Joseph Gross, age 15, of Wichita, Kansas, for his question:
What is life?
Everything in and on our planet is created from about 92 chemical elements. Only about 35 of these elements are used to create all its forms of life. Scientists can explain how many of these biochemicals are used by plants and animals. They can speculate how life orginated on our planet. But so far, nobody can say what life really is. However, ,just wondering about it stretches the brain, warms the heart and helps us to feel at home on this luxurious planet.
Our earth is a treasure house of inorganic minerals, such as rocks and water, and non living energies, such as sunlight and weather. But its greatest treasure is life which comes in about 1 1/2 million different species of animals and plants. They thrive and multiply, live and die and hand on the miracle of life from generation to generation. All living things are made of protoplasm, or cytoplasm, organized in cell units.

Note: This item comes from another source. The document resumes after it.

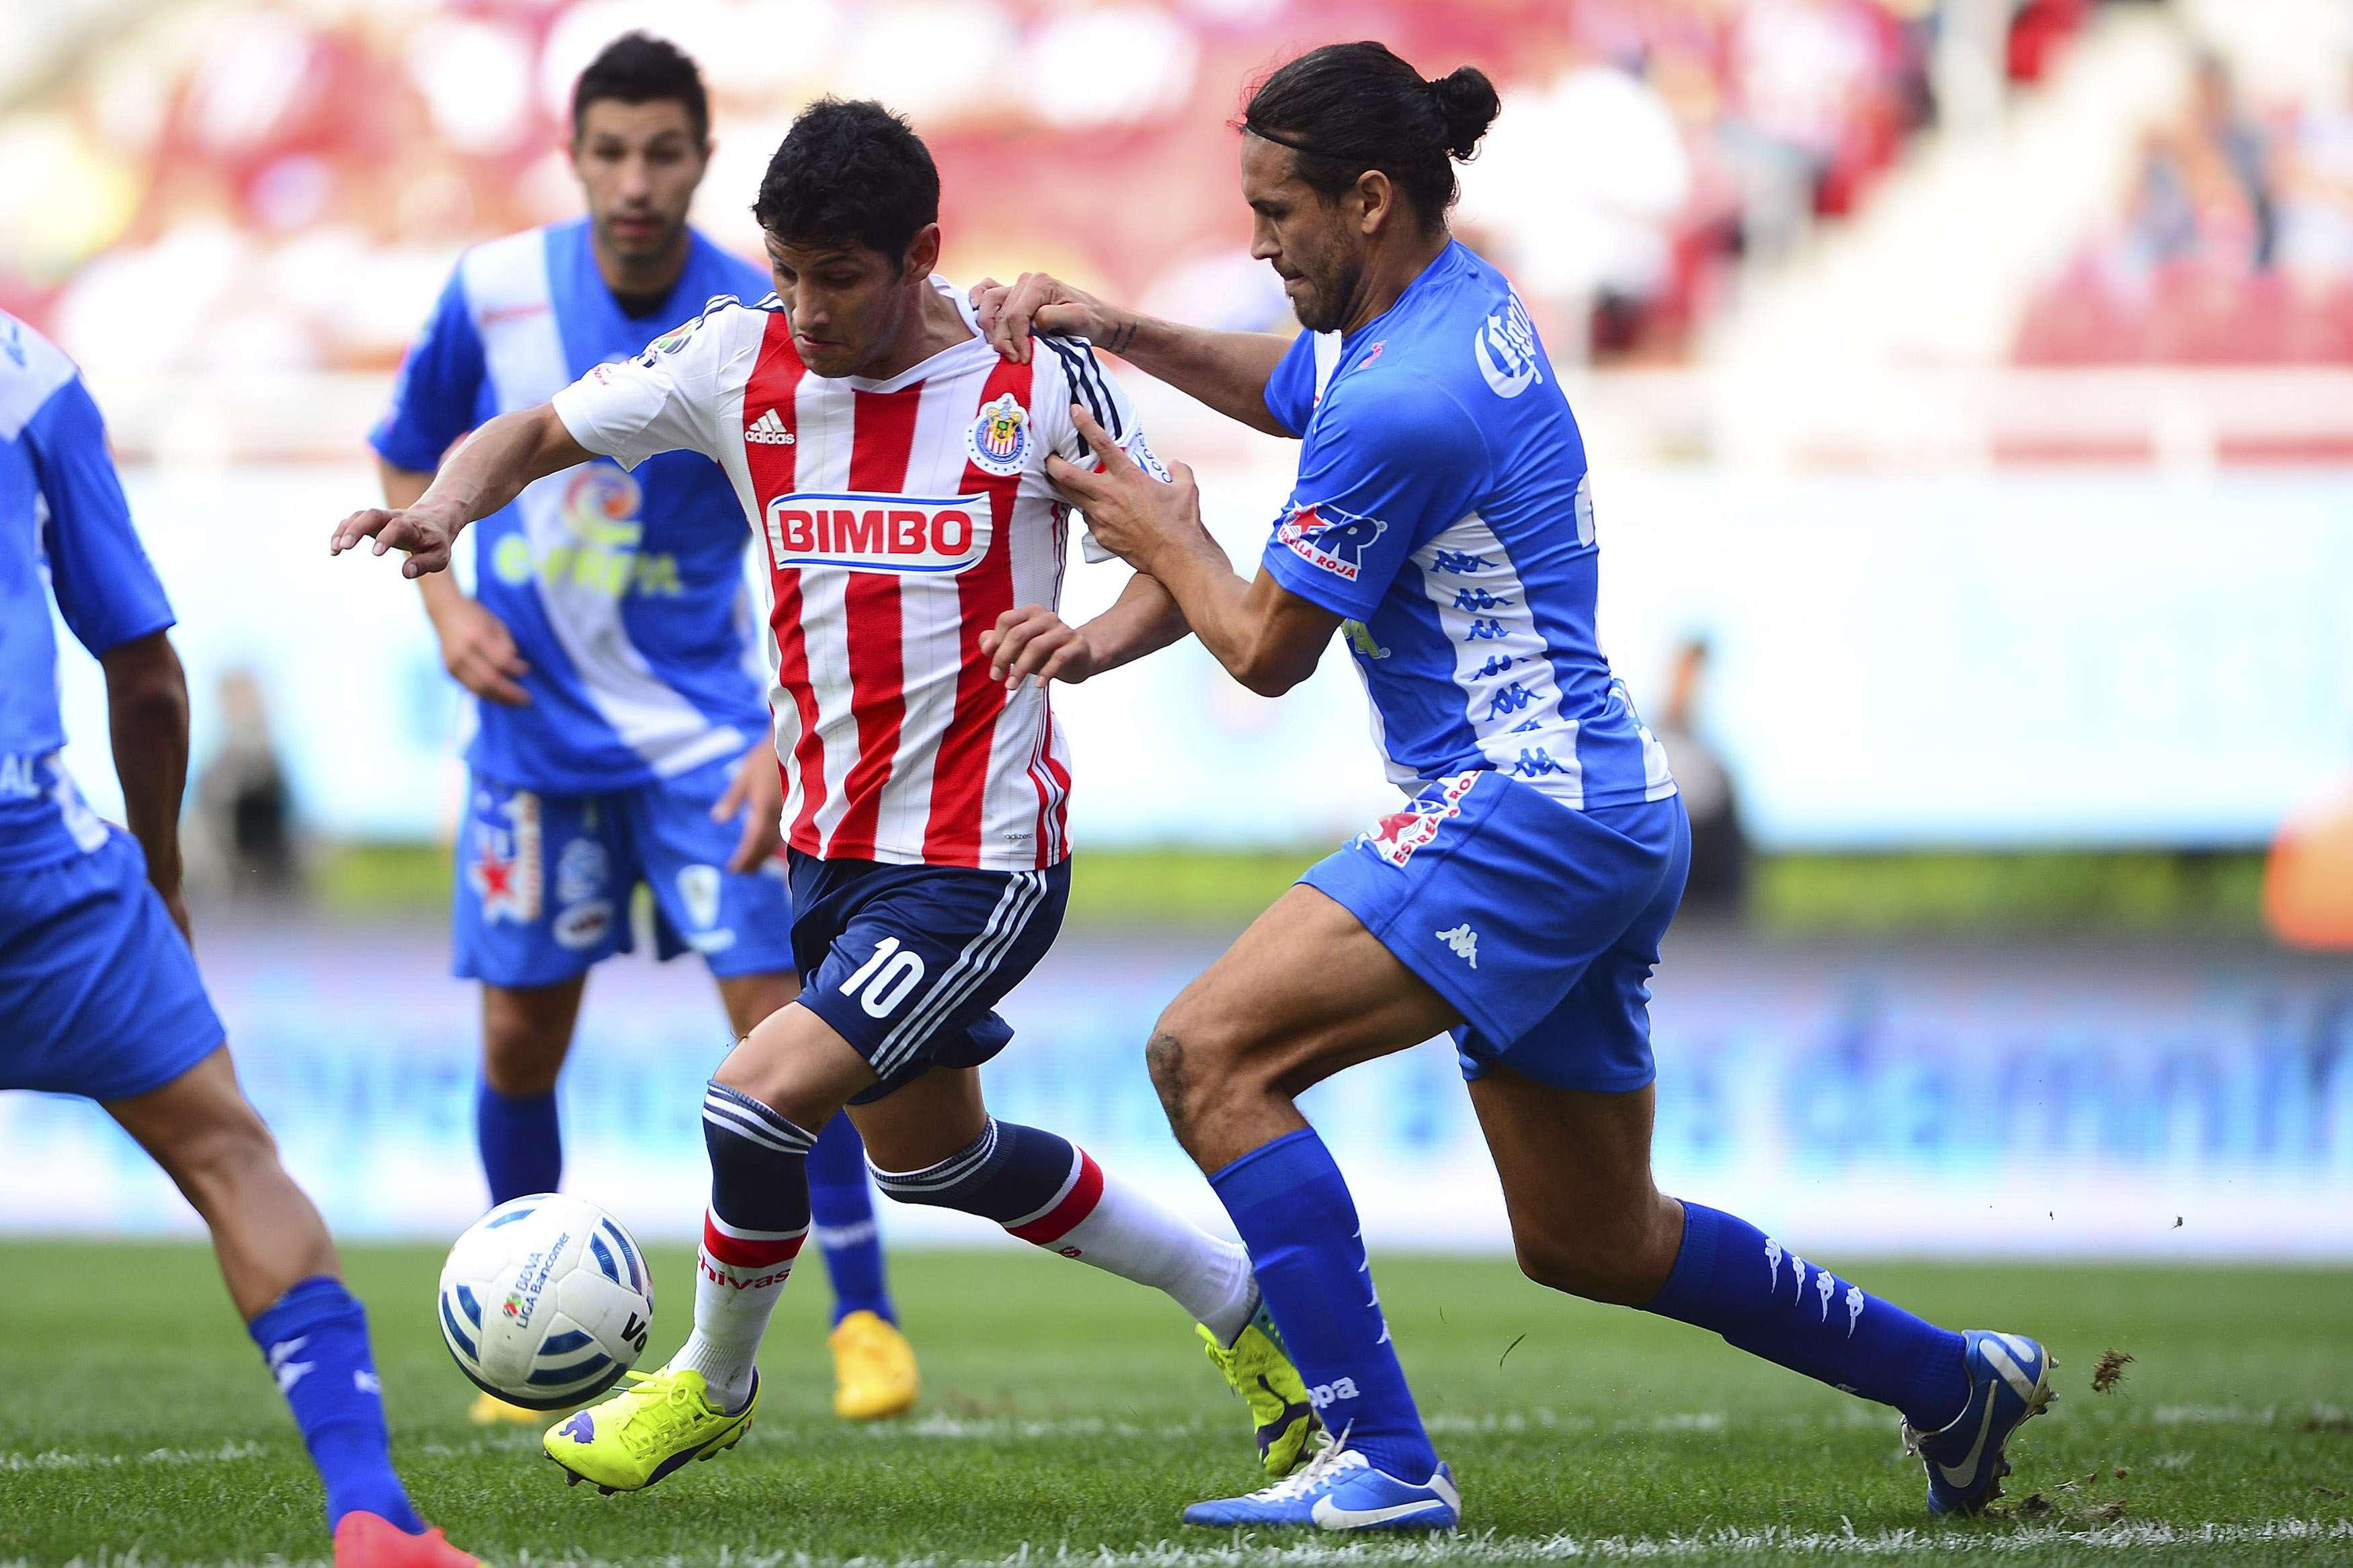 En un duelo entre equipos involucrados en la tabla de descenso, Chivas y Puebla no se hicieron daño y empataron 0-0 en duelo celebrado en el estadio Omnilife, que cerró la jornada 10 del torneo Apertura 2014. Foto: Mexsport

Their organic chemicals, or biochemicals, change from moment to moment as the living cells respond to their environment, digest and grow and multiply. Non living things cannot perform these miracles. Yet the rocks, the air and the oceans contain all the chemicals found in living things, plus more than 50 others. The four major elements in living cells are carbon and oxygen, nitrogen and hydrogen. These and more than 30 others are abundant in the non living world of nature. But only the busy biochemicals have the wondrous, mysterious force we call life.
The greatest wonder is the relationship between life and the non living earth. We are lucky to be alive when for the first time mankind has to face this fact, or perish. We need its breathable air and drinkable water. Most of all, we need to share our generous earth with more than a million different plants and animals.
We cannot say exactly what life is, but maybe we need to keep asking the question. It compels us to accept this most comfortable aspect of life. Surely this is the mysterious union between the earth and her multitudes of dependant children. From her point of view, the name of the game is give and take, a never ending changing and exchanging between the living and the non living.
Ecologists trace the complex chains that link everything together. All life forms depend directly or indirectly upon each other and all of them depend on the non living air, water, soil and other basic resources. When our minds wander into this realm, the question about life tends to get lost in a much bigger picture.
Someday scientists may be able to explain the secret of life, perhaps when we have had more time to find and fulfill our own role in the enormous scheme of things. Then the answer may not seem so urgent. Perhaps it will be enough to know that life is something we share with all the plants and animals. We are all part of it ¬and life is part of all the other infinitely complex business of this smallish planet.